Implementing Data Governance Best Practices for PI System, PI Asset Framework (AF), and PI Vision
Implementing data governance best practices for PI System, PI Asset Framework (AF), and PI Vision requires a specialized approach, given these systems' role in handling operational data for industrial environments. Here’s an overview of how these systems can be effectively governed:
1. Define Clear Data Management Strategies Aligned with Operational Goals
In PI System environments, data must be managed with industrial and operational goals in mind. Creating a data management strategy should start by:
- Aligning data governance with the organization’s operational objectives, such as reducing downtime, optimizing processes, and ensuring compliance.
- Prioritizing critical data assets, such as time-series data from sensors and equipment metadata, which directly impact operational efficiency and decision-making.
- Developing a data inventory within the PI AF structure to classify and understand data assets and dependencies.
2. Establish Ownership and Responsibility
Defining clear roles for managing PI data ensures accountability and maintains data integrity:
- Data Stewards: Assign PI Data Stewards who are responsible for the data quality, security, and lifecycle within the PI environment. They should ensure adherence to standards and policies.
- Process Engineers as Business Data Owners: In many cases, process engineers are the best business owners for PI data, as they understand the operational context.
- Cross-Functional Teams: Include IT, OT (Operational Technology), and compliance representatives to promote collaboration and address diverse data requirements.
3. Implement Robust Data Quality, Access, and Security Policies
For PI System and PI Vision, data quality, access control, and security are paramount:
- Data Quality: Establish automated data quality checks and alerts for data irregularities. Tools such as PI Analytics can monitor for anomalies in time-series data and create alerts for potential issues.
- Access Control: PI System should enforce role-based access control (RBAC), ensuring only authorized personnel can access sensitive operational data. Configuring security groups in PI AF and PI Vision helps control access at the asset level.
- Data Security: Enforce security measures to protect data from unauthorized access. Integrate with Windows Identities (Active Directory) and limit edit access to both PI tag configuration changes and PI data changes.
4. Maintain Data Lifecycle and Version Control
Data lifecycle management is essential for PI System data, especially given the historical nature of operational data:
- Data Retention Policies: Define retention periods for time-series data, metadata, and event frames based on business and compliance requirements.
- Version Control: Maintain version control for key data structures in PI AF, including assets and templates, to ensure data consistency during changes.
5. Foster a Culture of Continuous Improvement and Adaptation
Data governance is not a static process. For PI System environments, continuous monitoring and adaptation are crucial:
- Regular Audits and Quality Checks: Perform regular data quality audits and security assessments to maintain data integrity and address emerging vulnerabilities.
- Adapt to Changes in Regulatory and Business Requirements: Compliance with regulations like GDPR or industry-specific standards may require adjustments to data governance practices, particularly regarding data storage and access.
Leveraging Tycho Data Osprey for Data Quality and Tag Usage in PI Systems
A tool like Osprey can provide added value by automating data quality monitoring and tracking usage within the PI ecosystem:
- Data Profiling and Quality Monitoring: Tools that integrate with PI can help by identifying anomalies, flagging quality issues, and supporting validation.
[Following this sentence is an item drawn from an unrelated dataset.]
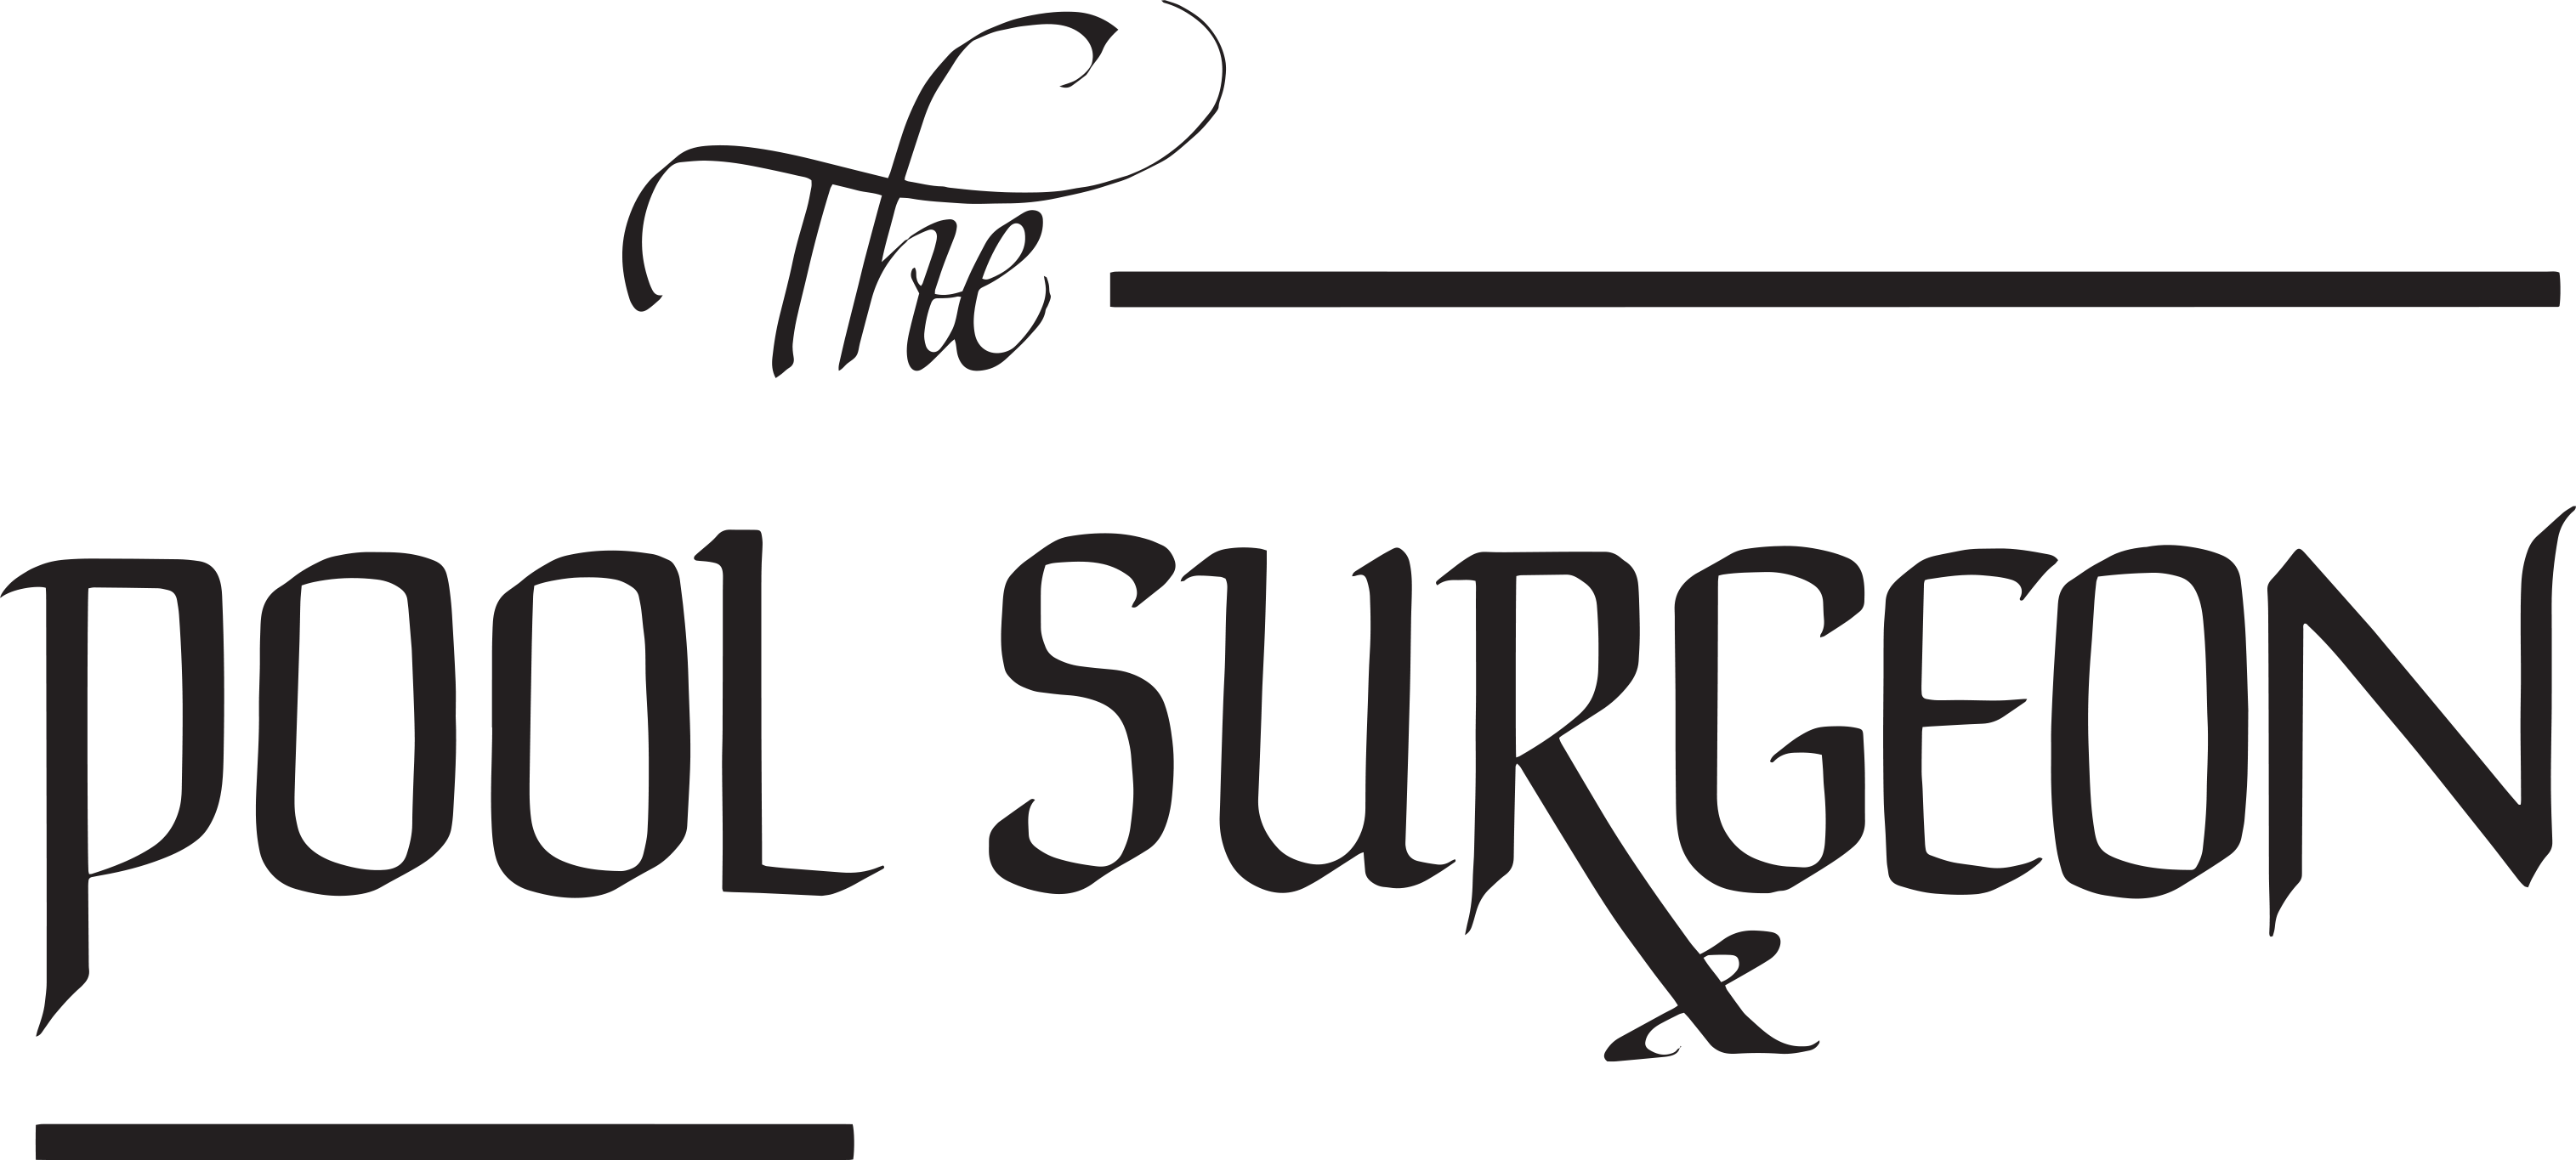 The Pool Surgeon logo new

- Data Usage Tracking: Tracking usage is particularly useful when dealing with derived metrics or aggregated data in PI AF, allowing for more accurate impact analysis.
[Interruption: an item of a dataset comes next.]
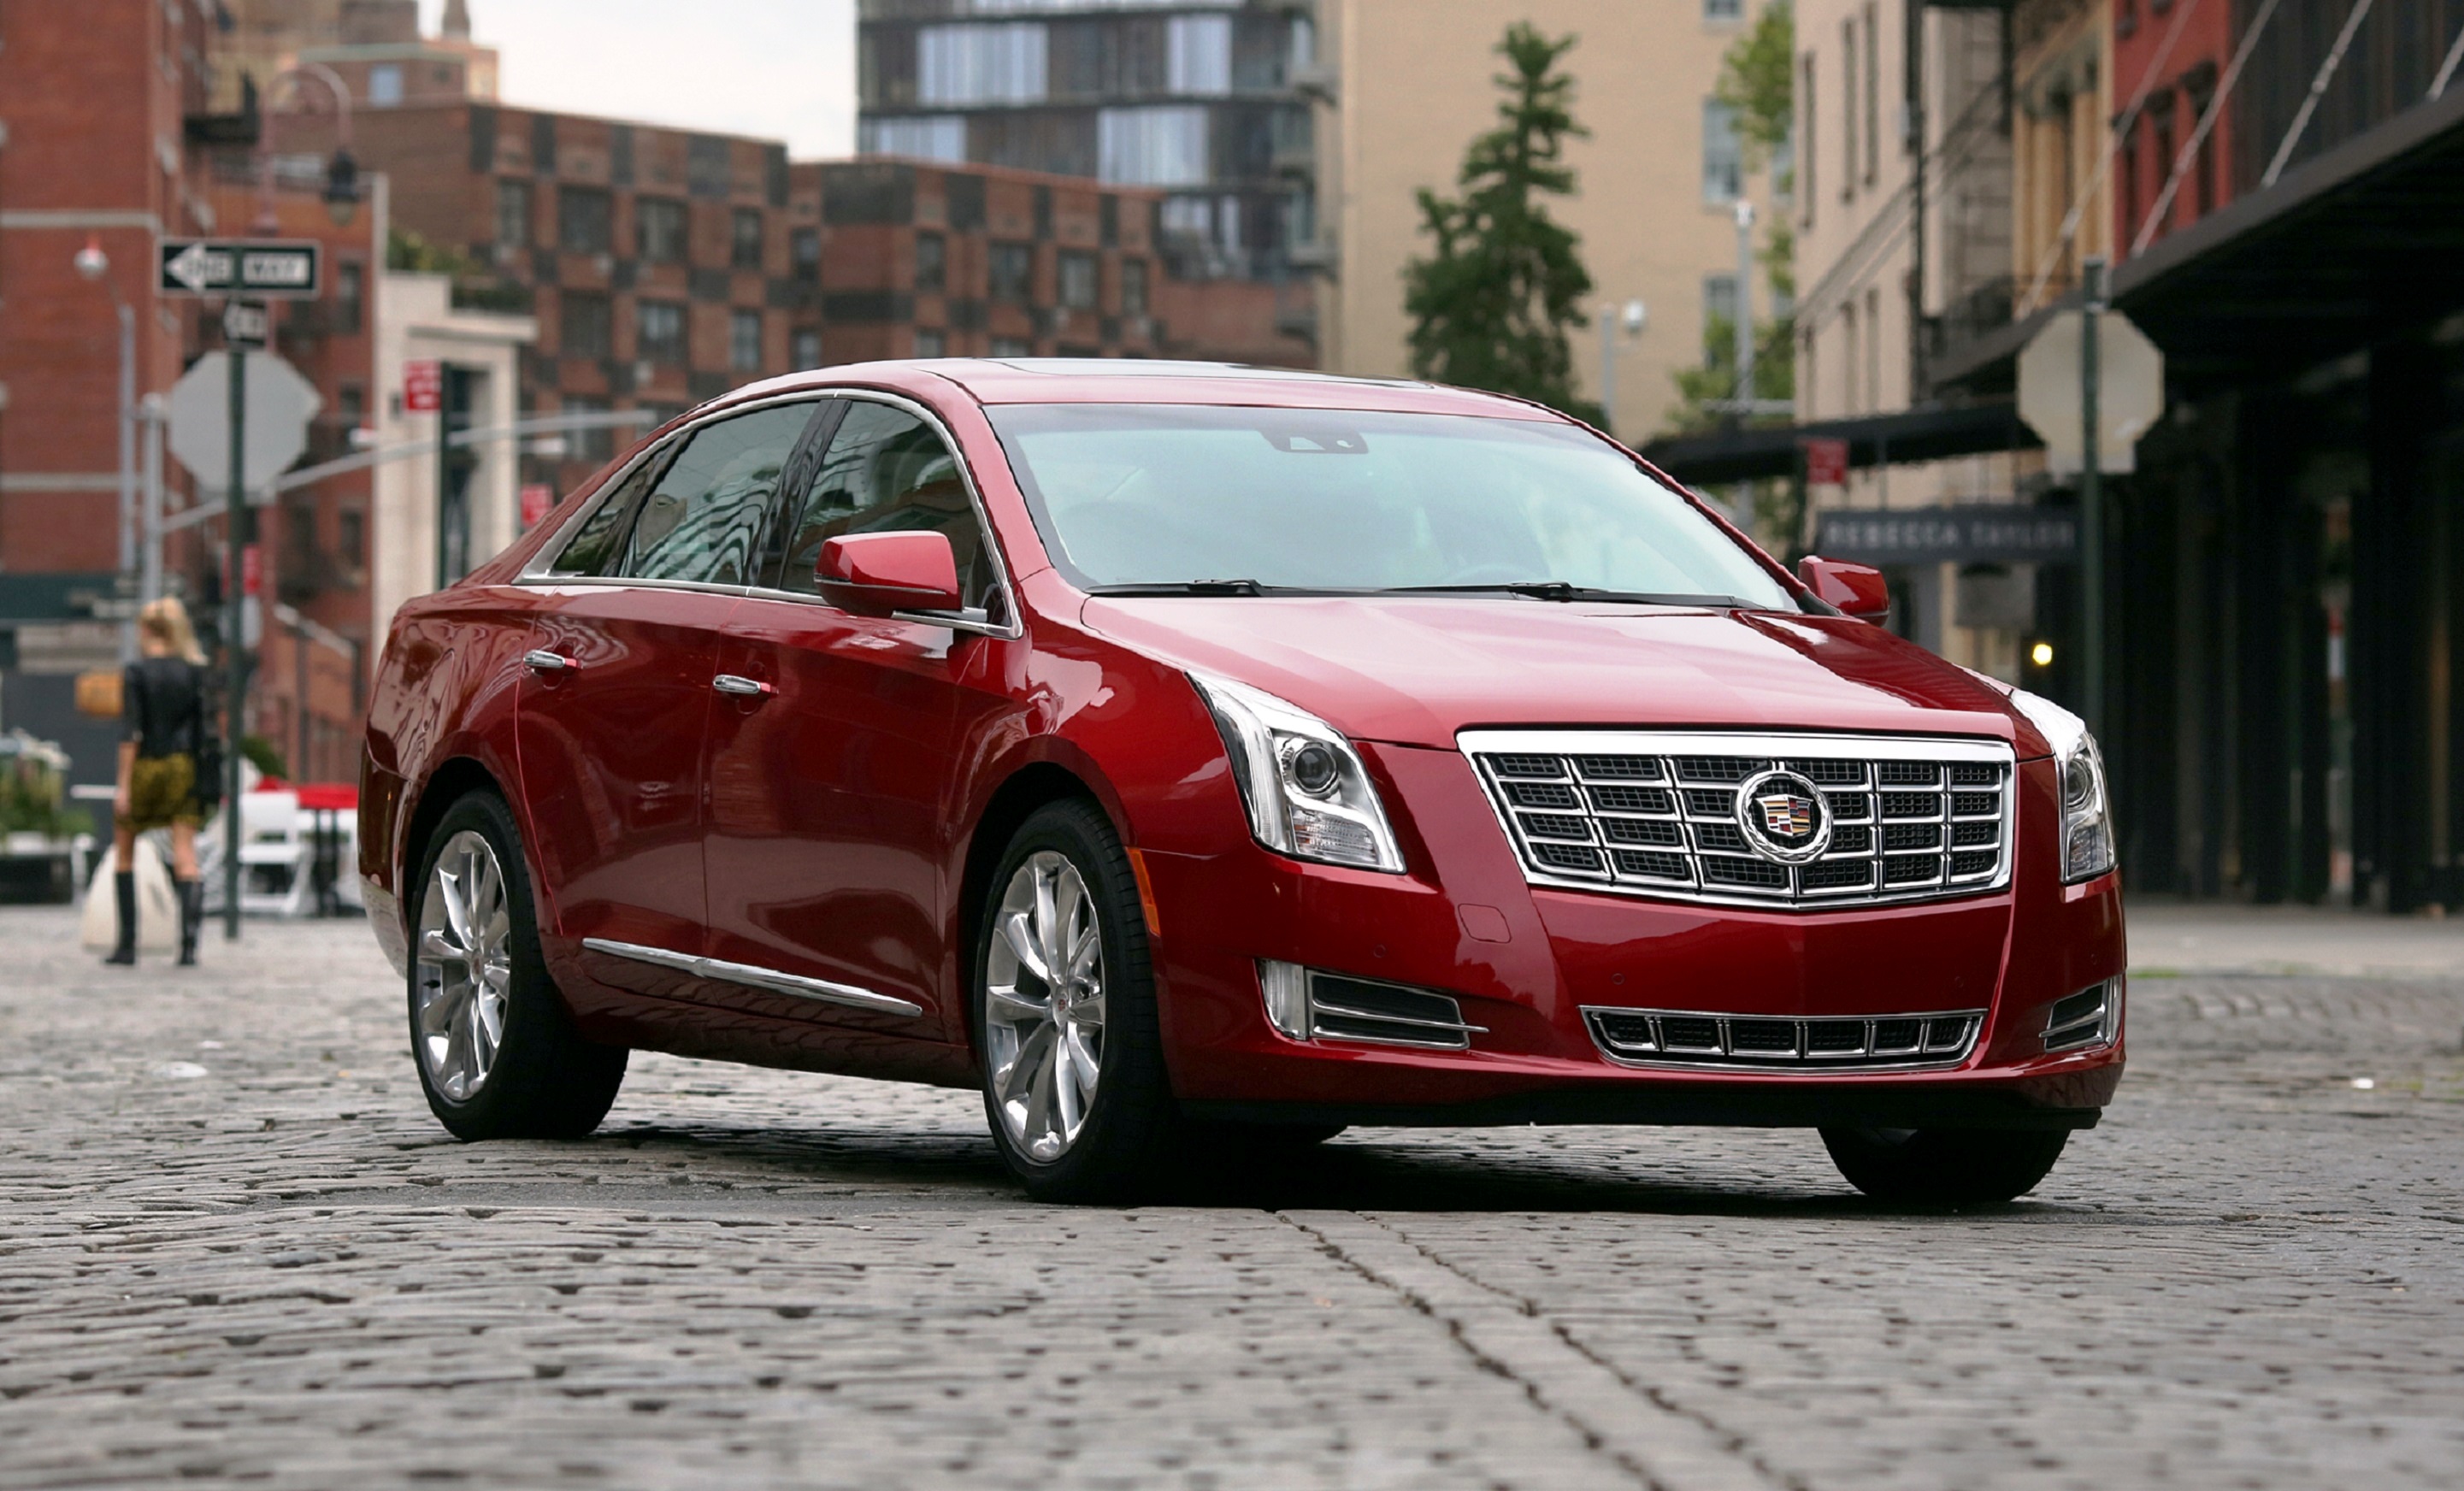 Cadillac: 115 Years of Innovation and Leadership Milestones

- Data Entry Validation: Validating logged data before being written to PI Data Archive helps maintain high-quality historian data.
Conclusion
Robust data governance practices enable PI System, PI AF, and PI Vision users to ensure data quality, security, and compliance while driving operational insights. With the right strategy, organizations can maximize the value of their PI data, contributing to improved performance, compliance, and informed decision-making.